Hinter der Irischen See geht's beim Ulster Grand Prix very british zu: Das Straßenrennen mit fast hundertjähriger Tradition rühmt sich des Titels "The World's Fastest Road Race".

Schon mal was von Dundrod gehört? Wohl kaum, dieser kleine Ort in Nordirland, westlich im Hügelland von Belfast gelegen, dürfte nur Insidern bekannt sein: Dundrod ist nämlich Schauplatz des jährlich ausgetragenen Ulster Grand Prix, eines Straßenrennens, wie es authentischer – und britischer, obwohl auf der irischen Insel gelegen  – nicht sein könnte. Dabei kann die vom Dundrod & District Motorcycle Club ausgerichtete Veranstaltung auf eine ziemlich lange Tradition zurück blicken: Das erste Rennen wurde schon 1922 gestartet, und von 1953 bis 1971 zählten die Läufe des Ulster GP sogar zur Motorrad-Weltmeisterschaft. 
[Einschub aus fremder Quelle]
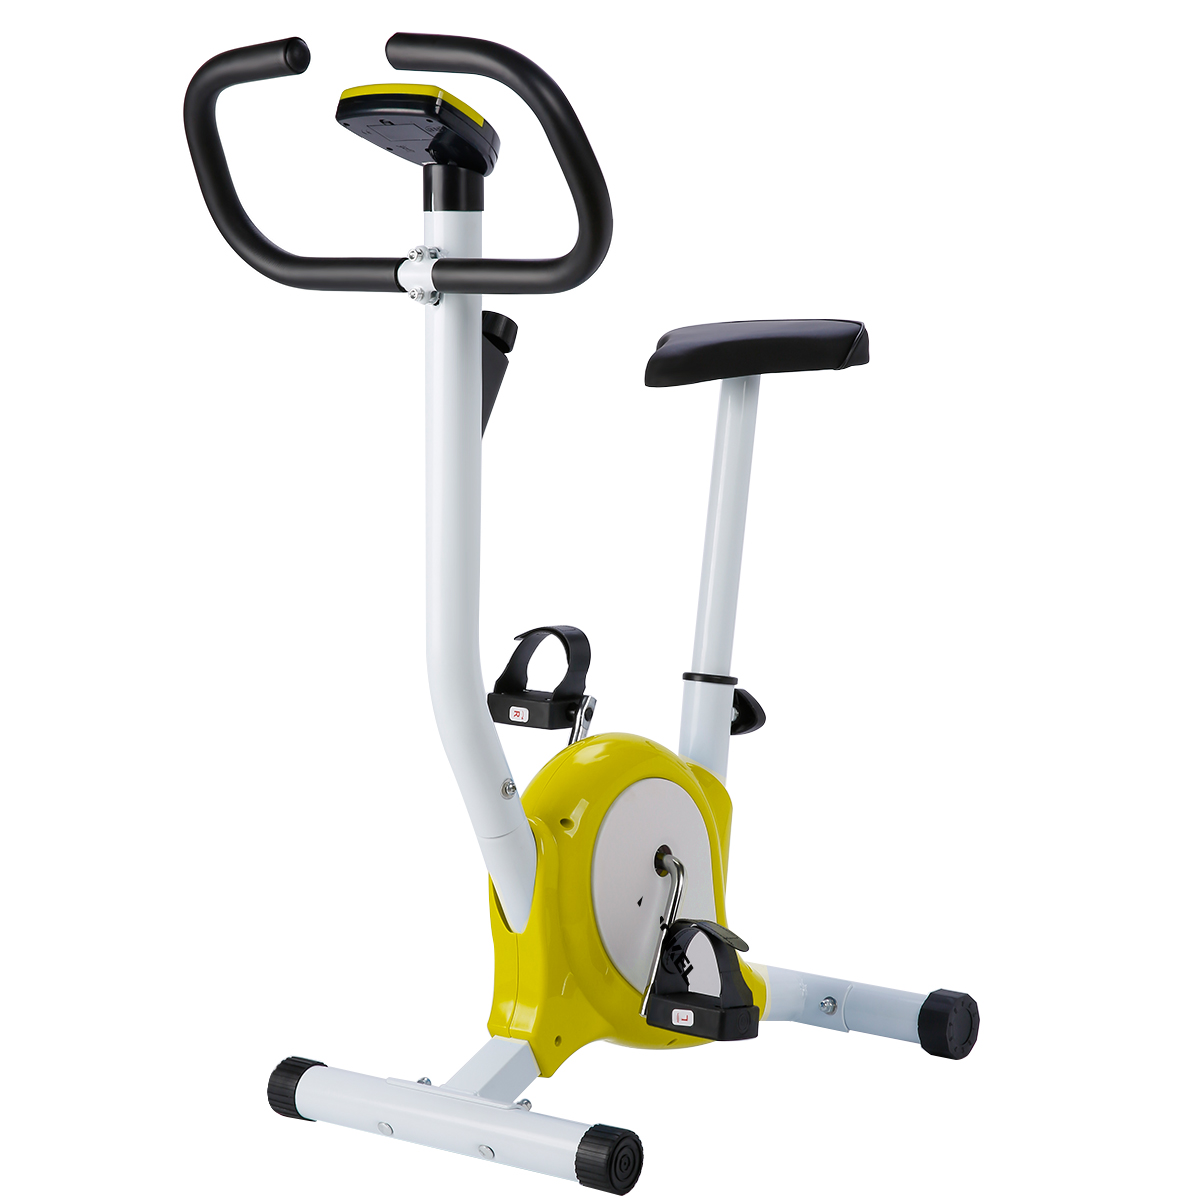 KUOKEL Durable Exercise Bicycle/Trainer Bike/Stable Upright Bike, Cardio Aerobic Equipment For Indoor & Outdoor Adjustable Seat & resistance

Deshalb finden sich in den Starter- wie Siegerlisten eine Vielzahl illustrer Namen, denn alle waren sie hier: Von Agostini über Phil Read, Jarno Saarinen, John Surtees und Mike Hailwood bis Heinz Rosner, der hier auf MZ viel Beachtung fand. Doch 1972 war es erst einmal vorbei mit dem internationalen Flair, der Ulster GP wurde ein Opfer der bürgerkriegsähnlichen Unruhen zwischen den protestantischen Engländern und den separatistischen Katholiken, die für einen Anschluss Nordirlands an Irland kämpfen. Das im Oktober des Vorjahres bei einem Brandanschlag verwüstete Gebäude des Clubs war letzten Endes der Auslöser den Ulster GP vom WM-Kalender zu streichen – ein Großer Preis in einem von den "Troubles" beherrschten Land war dem GP-Tross ein zu großes Risiko.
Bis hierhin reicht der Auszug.